Background
I know that in Oracle, you can create custom aggregation functions that process a collection of values ​​and return a single result. Change I even read a friendly guide at docs.oracle.com/cd/B28359_01/appdev.111/b28425/aggr_functions.htm!
I also know that Oracle provides built-in analytic functions , such as DENSE_RANK and RATIO_TO_REPORT , which provide values ​​for each input, relative to the collection / window of values ​​whose input lies inside.
Problem
I want to know if there is a way to create my own analytic function , presumably similar to how I can create my own aggregation function and, in particular, create one with additional arguments in my custom analytic function.
Thin terminology clause
When I refer to the "analytic function", read it as a function that, in addition to accepting window parameters using the PARTITION keyword, can also return different values ​​to a given window. (If anyone has a better term for this, please let me know! Pure analytic function? DENSE_RANK classic analytic function? Non-aggregate analytic function?)

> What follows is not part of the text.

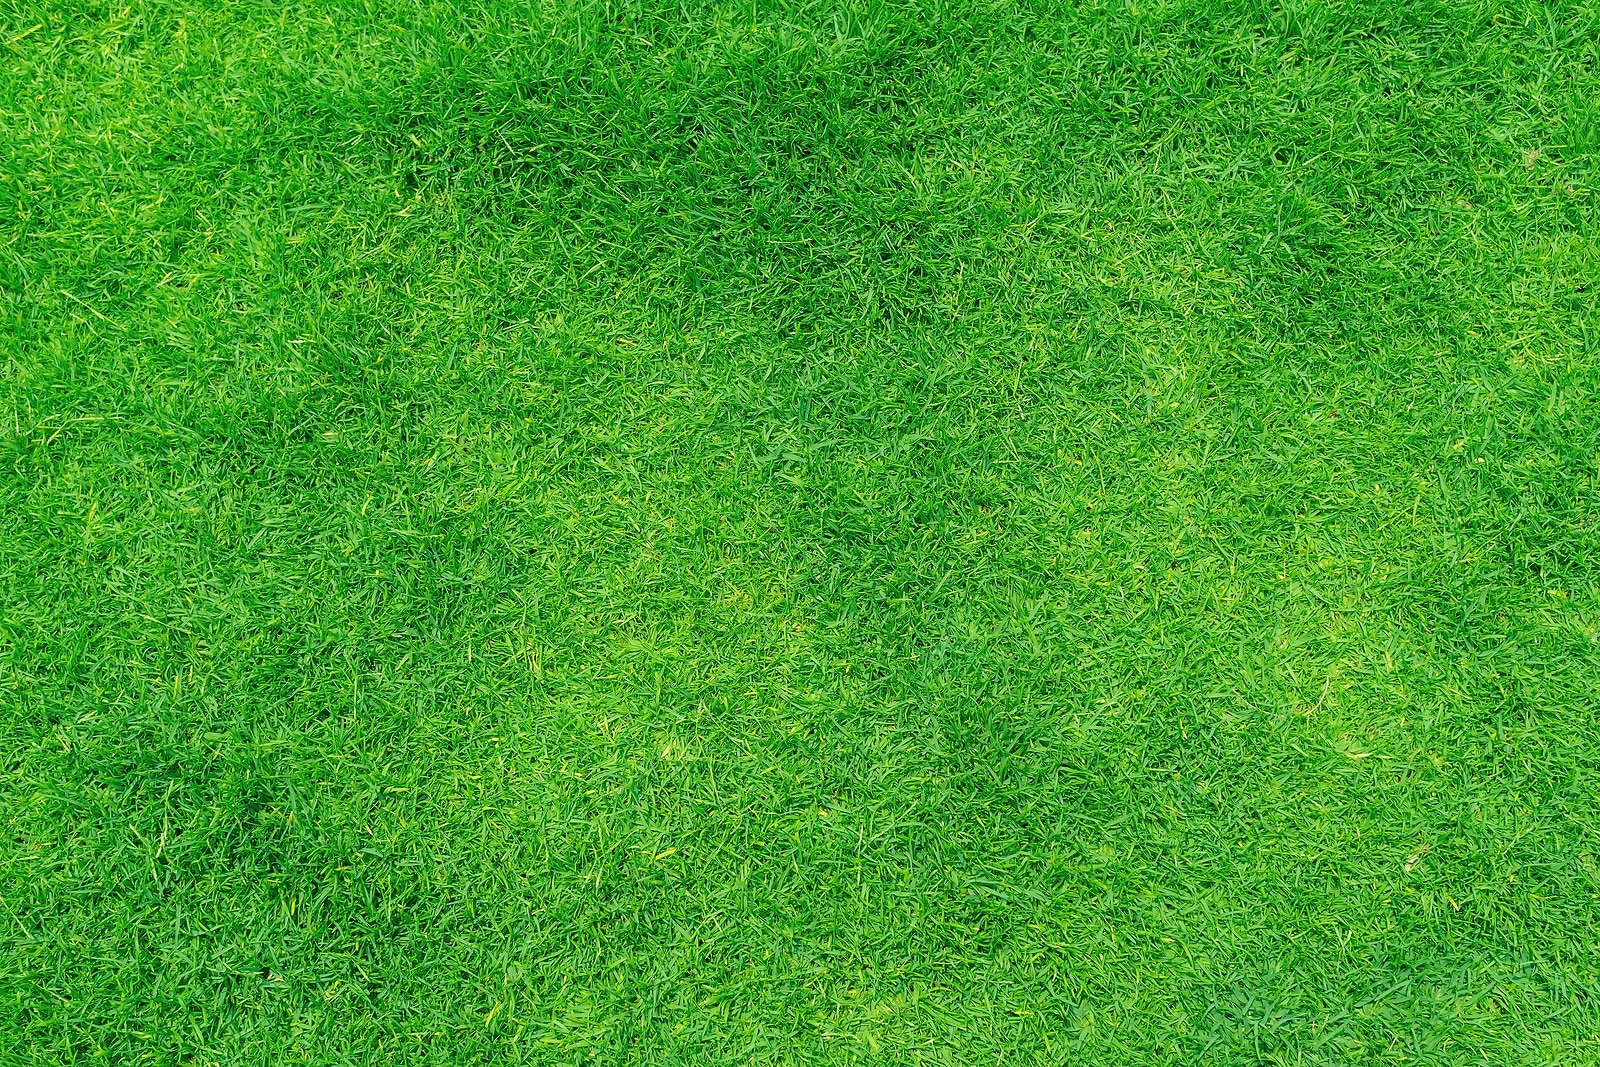 Benefits of Artificial Grass for Your Business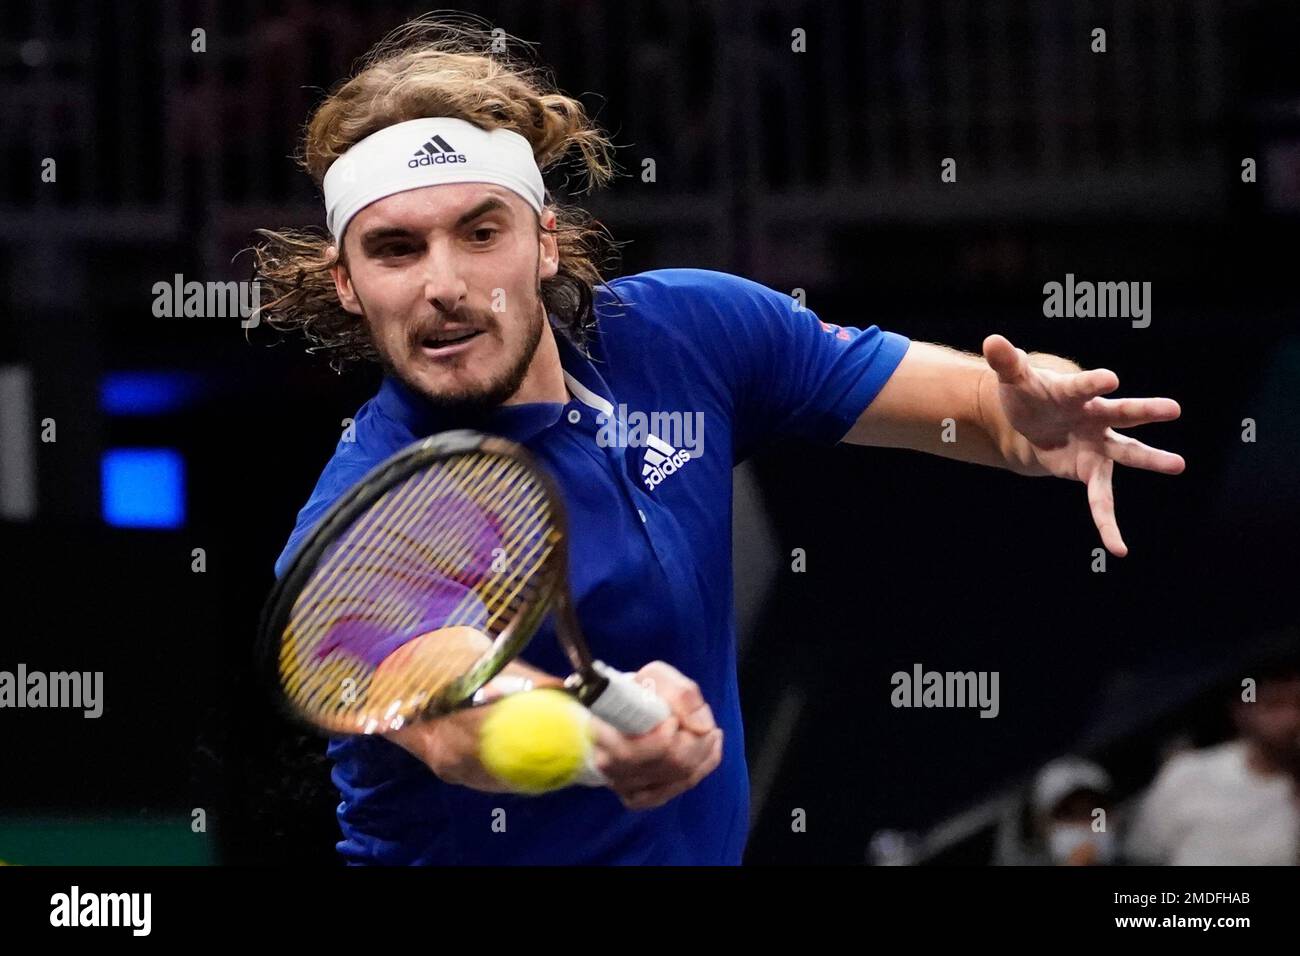 Team Europes Stefanos Tsitsipas, of Greece, returns the ball to Team Worlds Nick Kyrgios, of Australia, during Laver Cup tennis, Saturday, Sept

The Oracle documentation notes that an aggregate function can be used as an analytic (window) function. Unfortunately, this means that the PARTITION keyword for specifying a window in analytic functions can also be applied to aggregate functions. This does not contribute to the combined function for my desired status of the ability to return different values ​​within a fixed window.
Unit used as analytical:
SELECT SUM(income) OVER (PARTITION BY first_initial) AS total FROM data;
will have as many records as data , but will only have as many different total as there are first initials.
Analytical analysis is used as analytical:
SELECT RATIO_TO_REPORT(income) OVER (PARTITION BY first_initial) AS ratio FROM data;
will have as many records as data , AND, even within this first_initial section, those first_initial may be different.
Context
I was granted access only by calling the PL / SQL procedure, which takes a numerical collection as an IN OUT parameter and has several other IN configuration parameters. The procedure changes the values ​​of the collection (think of it as an “Authorized and Required Quality Procedure for the University”), depending on the configuration parameters.
Currently, the process of using this procedure is to hard-code the cursor loop, which detects a change from one section of data to another, and then inside each section, extracts data into a collection, which is then passed to the procedure, changes and, ultimately, dumped back to a separate table. I planned to improve this by creating a PIPELINED PARALLEL_ENABLE table that encapsulates some logic, but I would prefer to include queries such as:
SELECT G.Course_ID , G.Student_ID , G.Raw_Grade , analytic_wrapper(G.raw_grade, P.course_config_data) OVER (PARTITION BY G.Course_ID) AS Adjusted_Grade , P.course_config_data FROM grades G LEFT JOIN policies P ON G.Course_ID = P.Course_ID;
This requires the ability to create a custom analytic function, and because the procedure requires different inputs on different sections (for example, Course_ID specific P.course_config_data above), it must also accept not only the argument associated with the data, but also additional entrances.
Is this possible, and if so, where can I find the documentation? My google-fu didn't help me.
Extra wrinkle
The PL / SQL procedure that I provided is (efficiently) non-deterministic, and its result has statistical properties that need to be preserved. For example, if A={A[0], A[1], A[3]} are raw estimates for one particular class, and B=f(A) is the result of calling the procedure on A at 1:00, and C=f(A) is the result of calling the procedure on A at 1:15, then B={B[0],B[1],B[2]} and C={C[0],C[1],C[2]} are acceptable outputs for use, but a mixture of elements like {C[0],B[1],C[2]} not acceptable.
As a result of this, the procedure must be called exactly once on each section. (Well, technically, it can be wastefully called as many times as needed, but all results for the section should come from the same call).
Suppose, for example, that the procedure I provided works as follows: it takes a collection of ratings as an IN OUT parameter, and then sets one of those classes selected at random to 100. All other classes are set to zero. Doing this at 13:00 can lead to Alice having only a passing class, and when starting at 13:01, Bob can only have a passing class. Despite this, it must be that exactly one student per class passes, no more and no less.